Problem statement:
Beginning with the line that holds "180W 1/4 HP", write out each line exactly as it stands until the end of the data, and include no pictures.

Data excerpt:
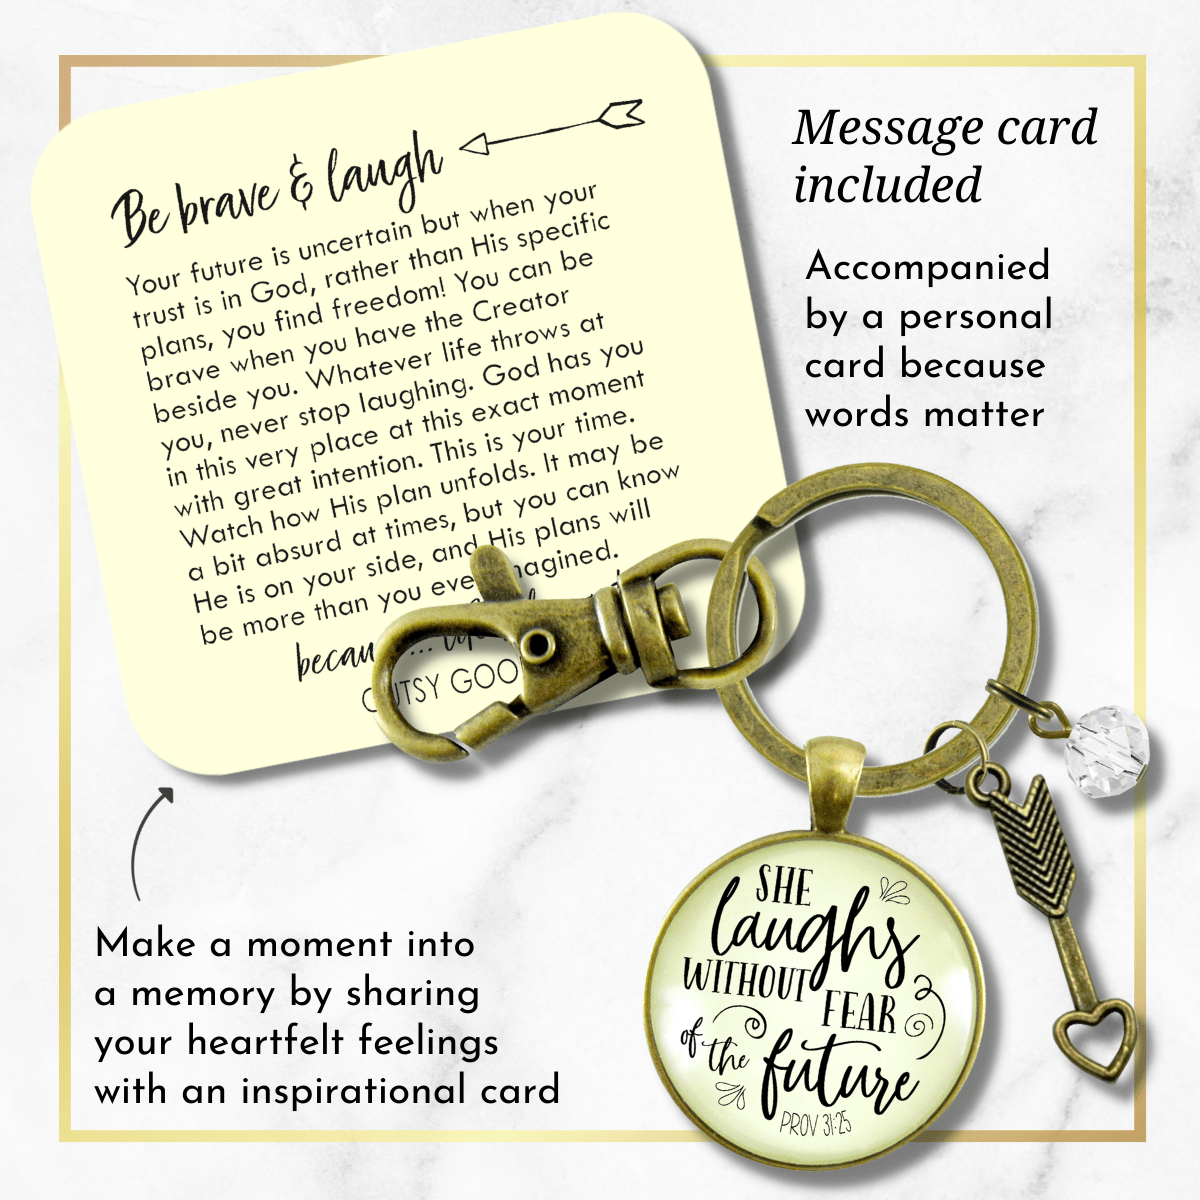 Faith Keychain She Laughs Without Fear Inspirational Pendant Jewelry For Women - Gutsy Goodness;Faith Keychain She Laughs Without Fear Inspirational Pendant Jewelry For Women - Gutsy Goodness Handmade Jewelry Gifts
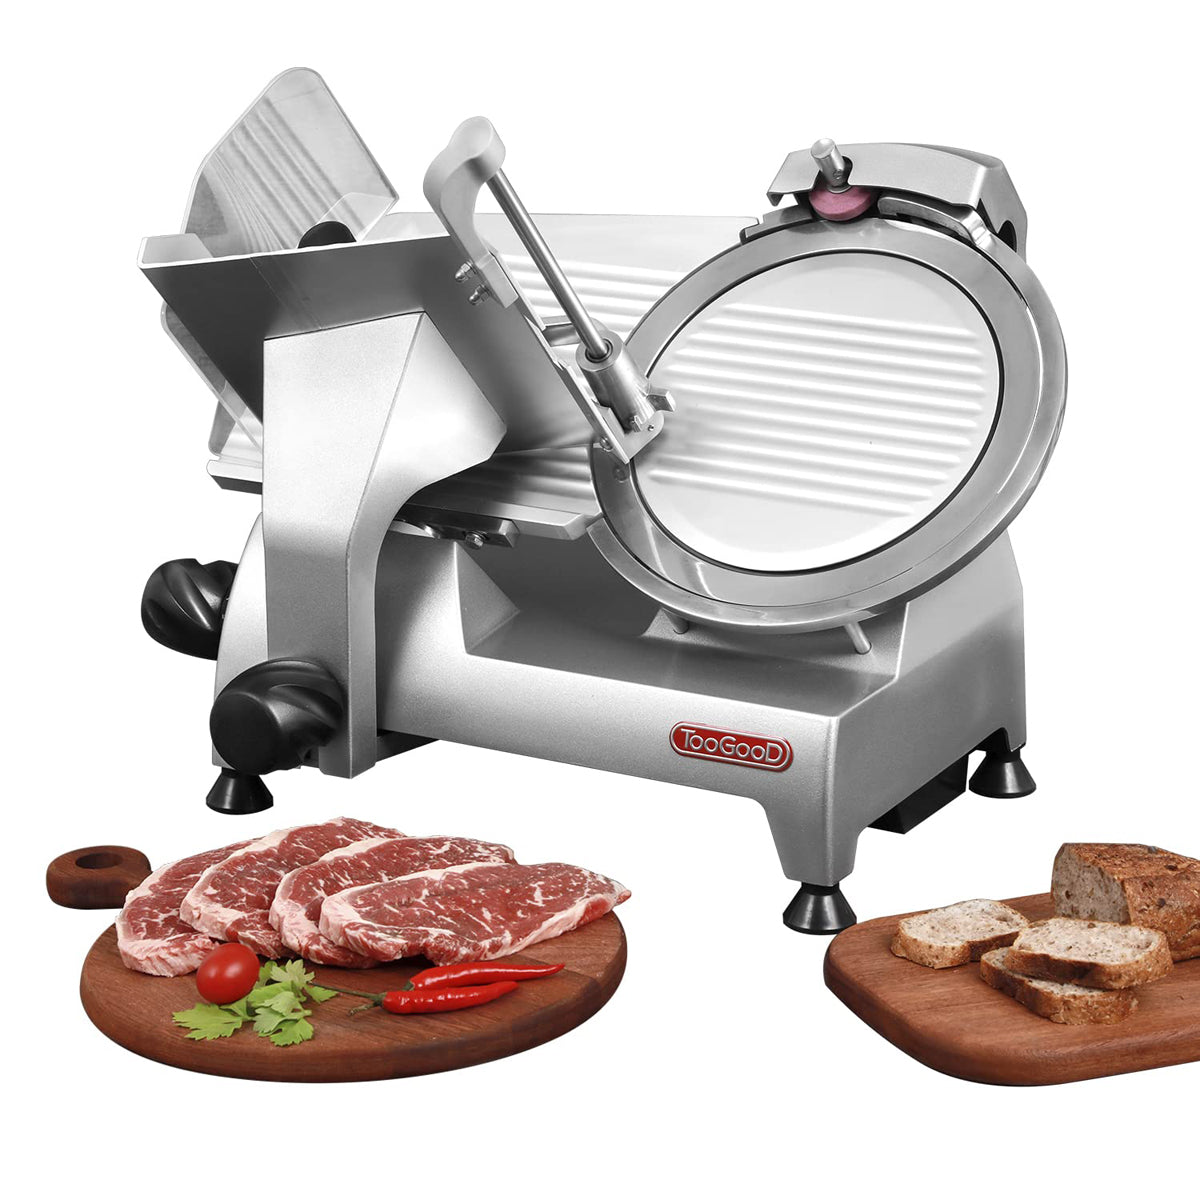 180W 1/4 HP Electric Meat Slicer, 8.7" Italian Carbon Steel Blade, for Meat Cheese Bread
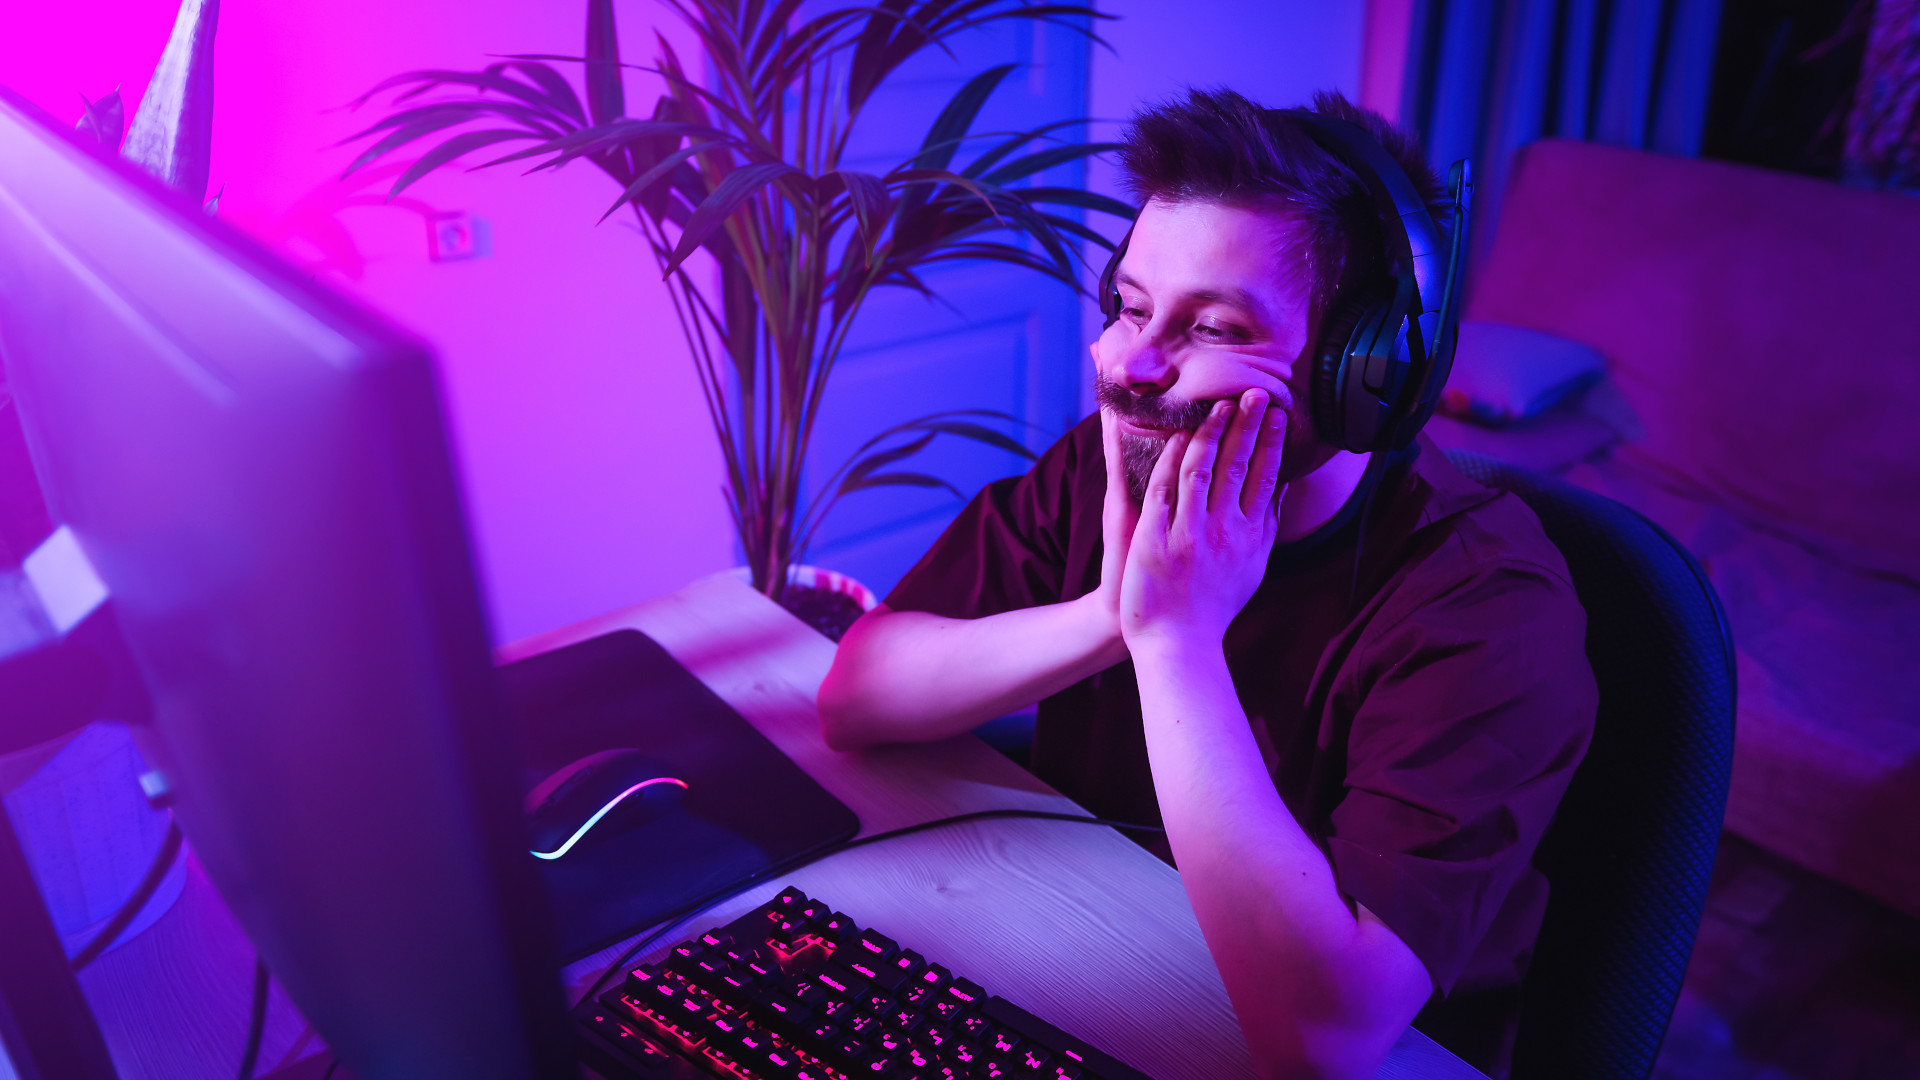 A man who looks tired and bored at his gaming computer

Written solution:
 180W 1/4 HP Electric Meat Slicer, 8.7" Italian Carbon Steel Blade, for Meat Cheese Bread
 A man who looks tired and bored at his gaming computer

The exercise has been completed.